_Work to be completed_
Leaving out the images, reproduce every line of the data that follows exactly.

_Data shown_
::::::::::
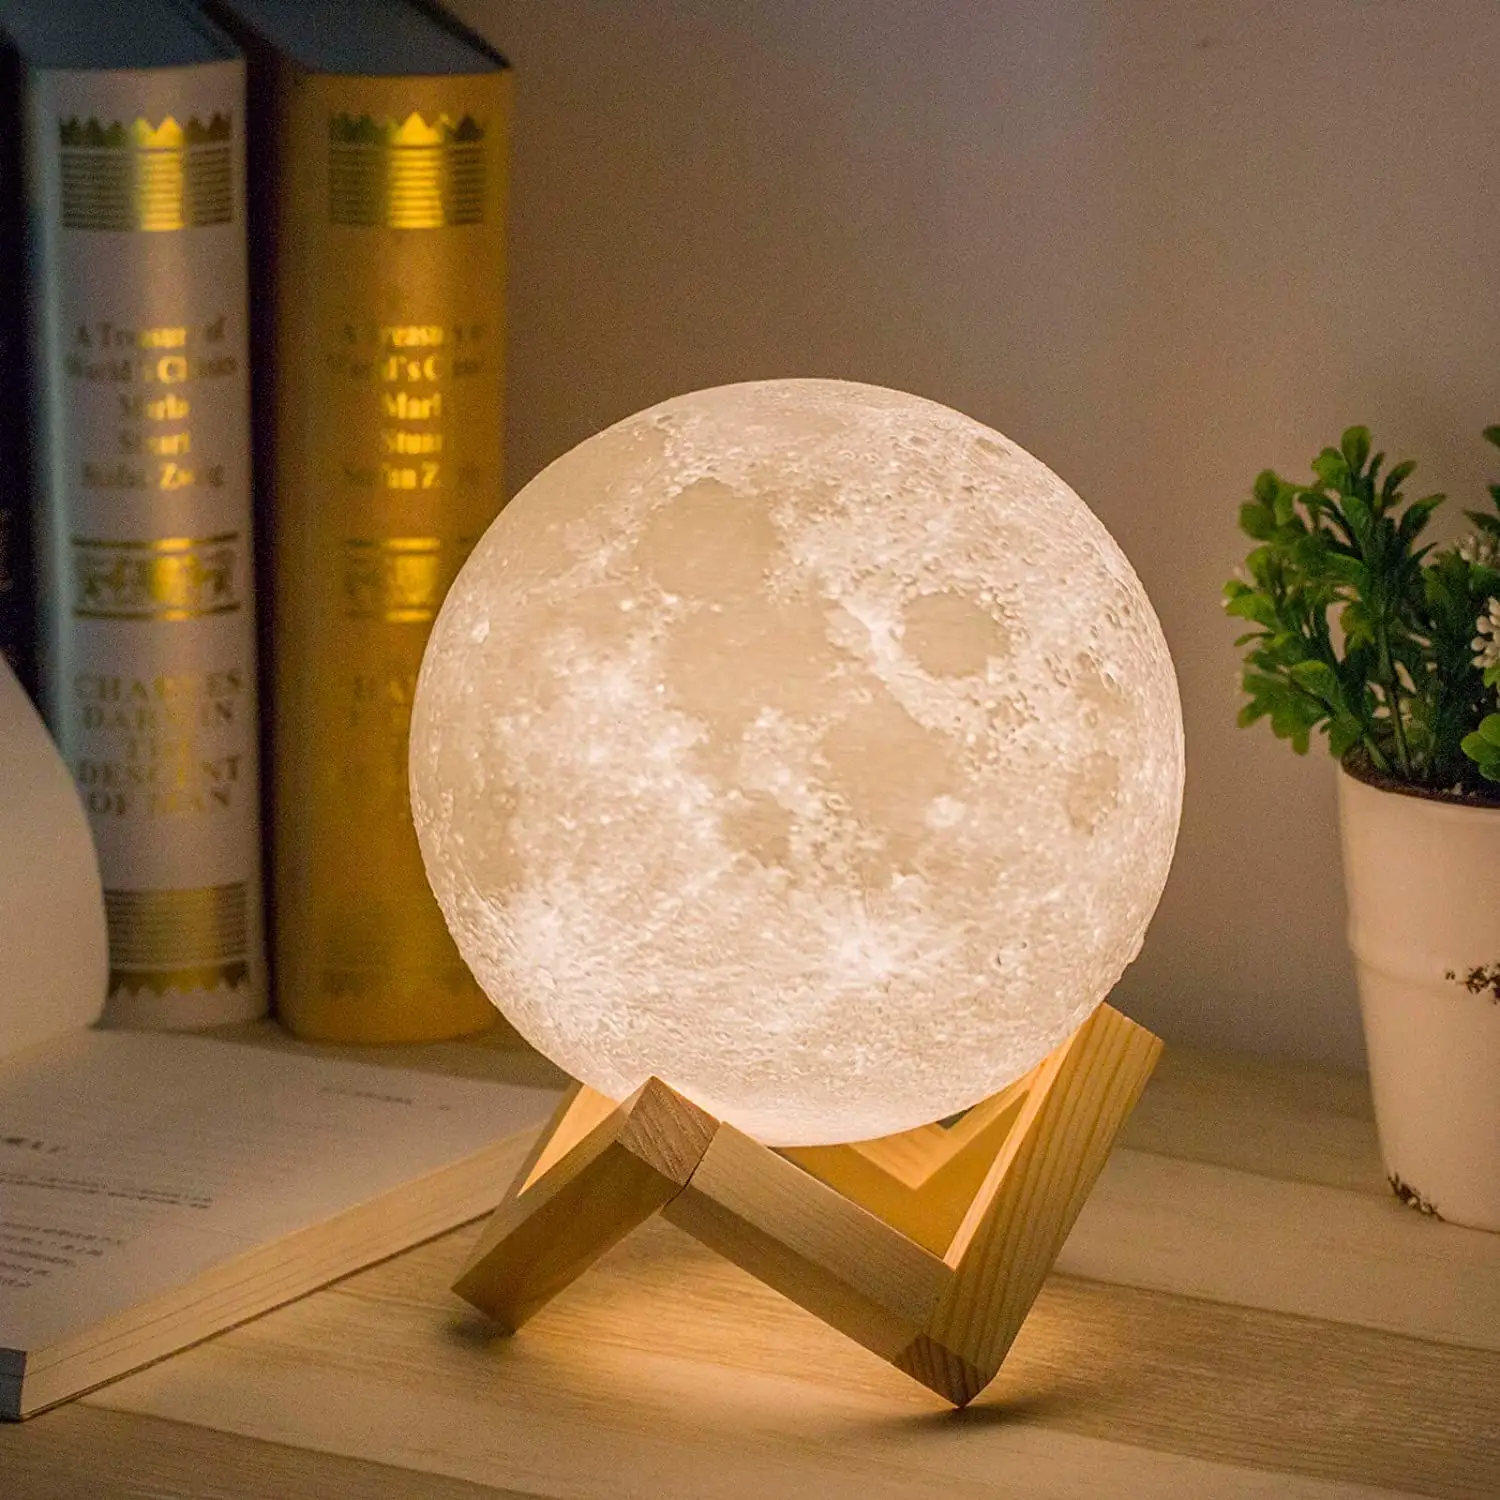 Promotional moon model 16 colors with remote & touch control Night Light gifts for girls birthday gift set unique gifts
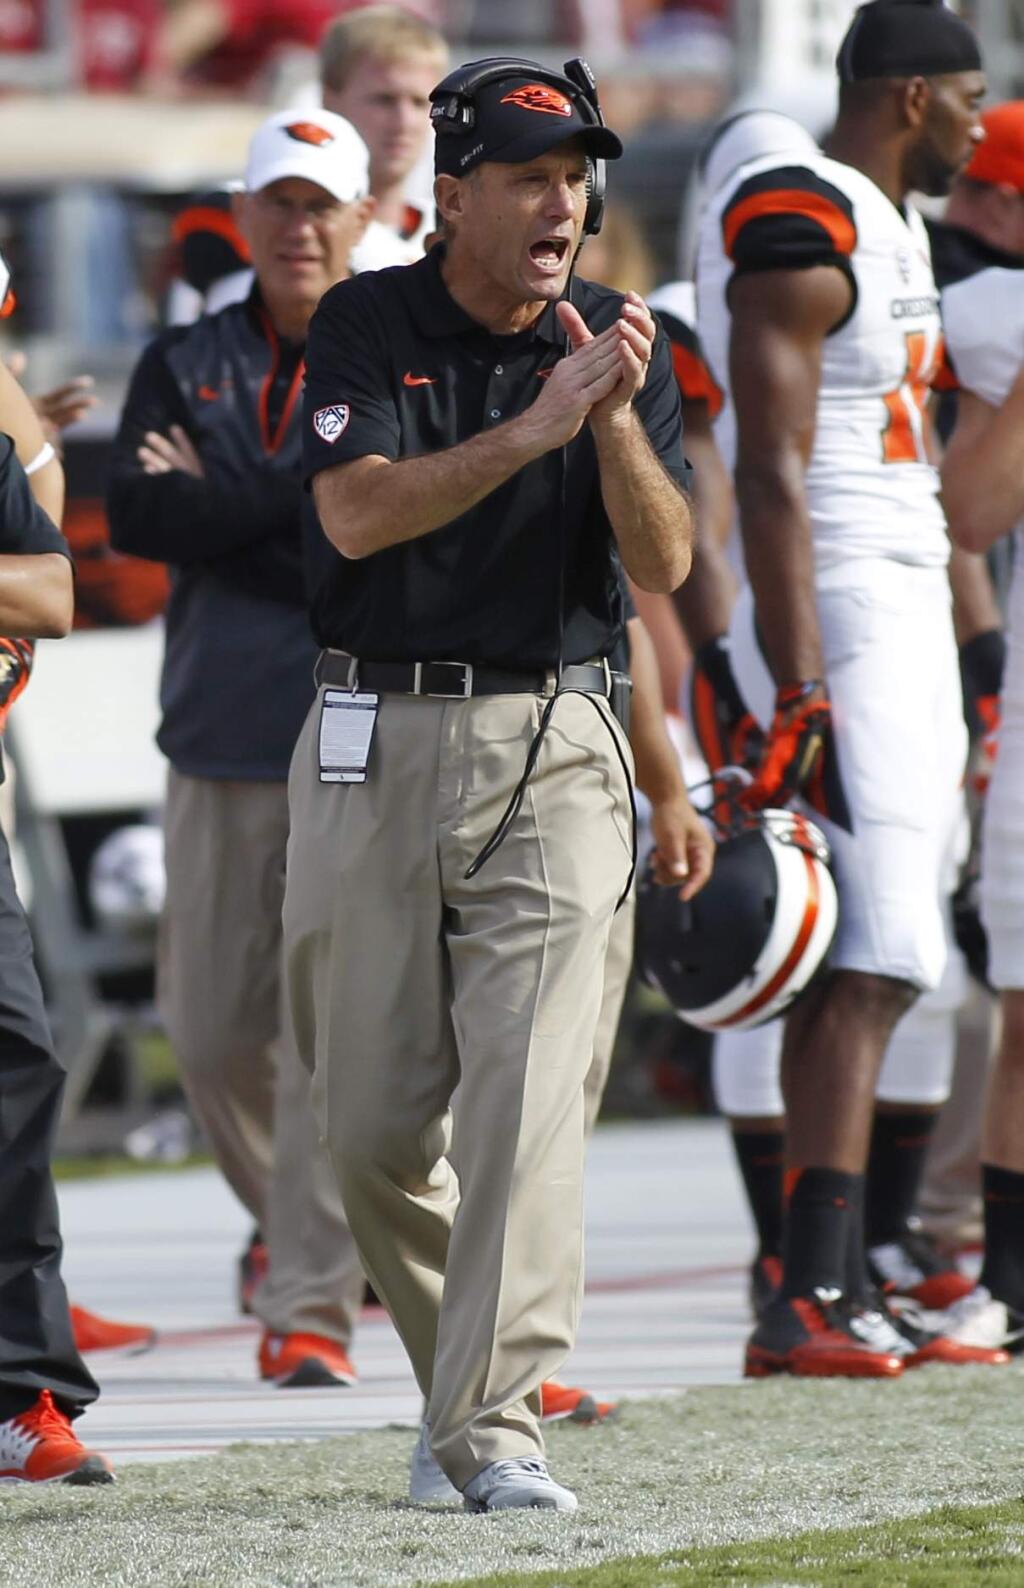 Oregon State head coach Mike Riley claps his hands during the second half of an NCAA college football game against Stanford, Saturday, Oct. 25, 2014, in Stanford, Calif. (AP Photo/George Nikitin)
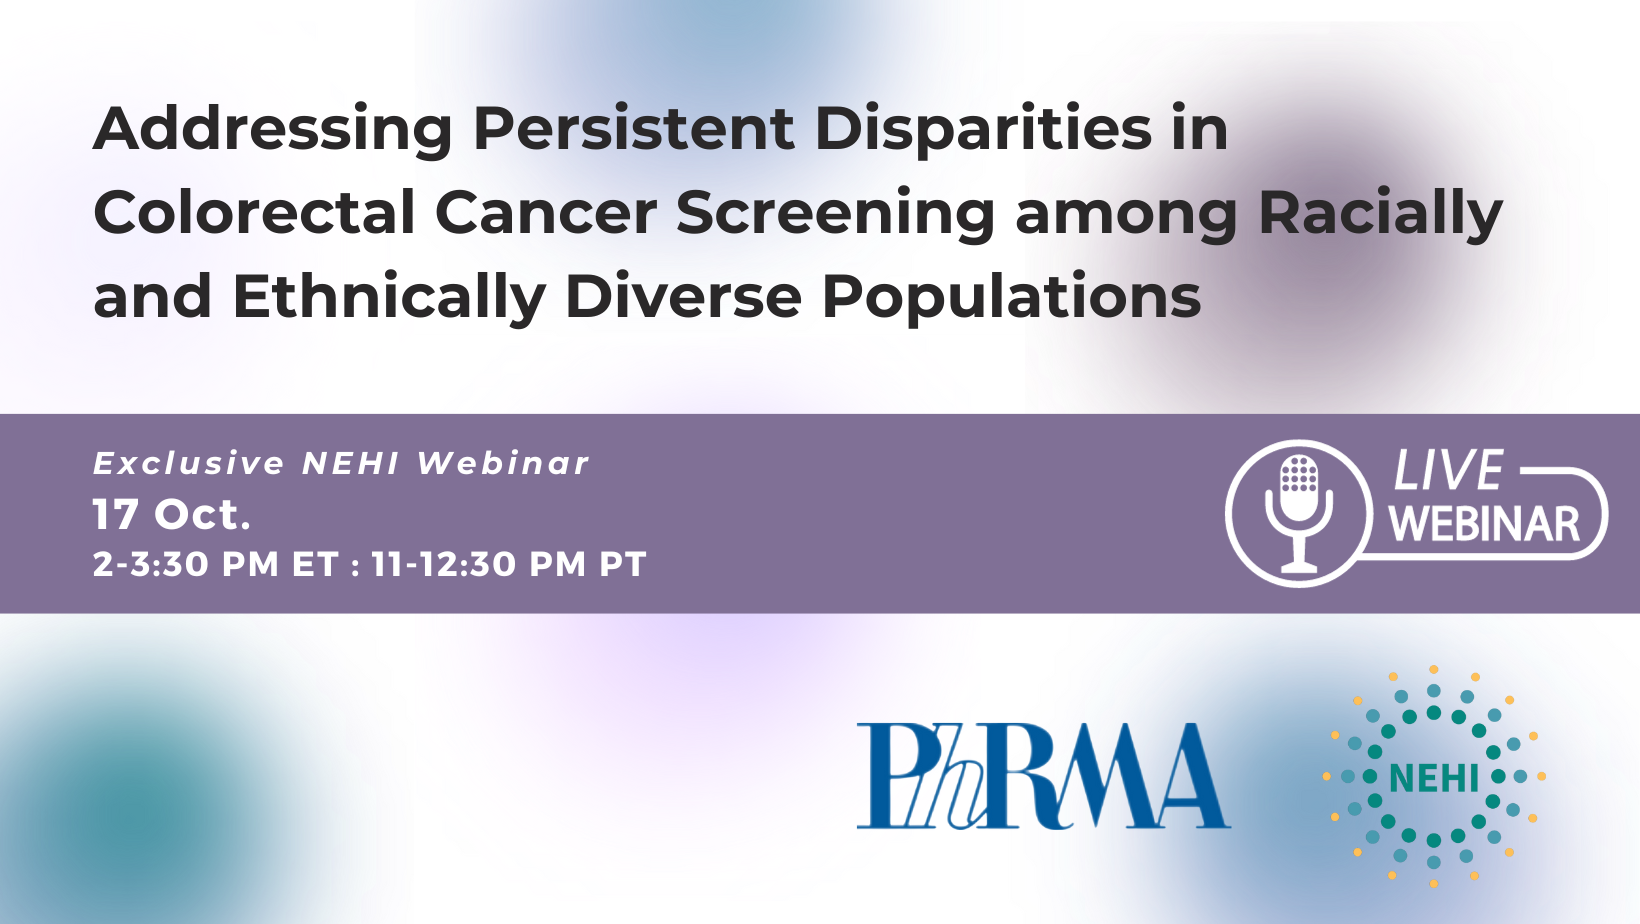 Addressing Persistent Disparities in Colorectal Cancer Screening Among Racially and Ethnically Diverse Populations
::::::::::
_Exercise output_
 Promotional moon model 16 colors with remote & touch control Night Light gifts for girls birthday gift set unique gifts
 Oregon State head coach Mike Riley claps his hands during the second half of an NCAA college football game against Stanford, Saturday, Oct. 25, 2014, in Stanford, Calif. (AP Photo/George Nikitin)
 Addressing Persistent Disparities in Colorectal Cancer Screening Among Racially and Ethnically Diverse Populations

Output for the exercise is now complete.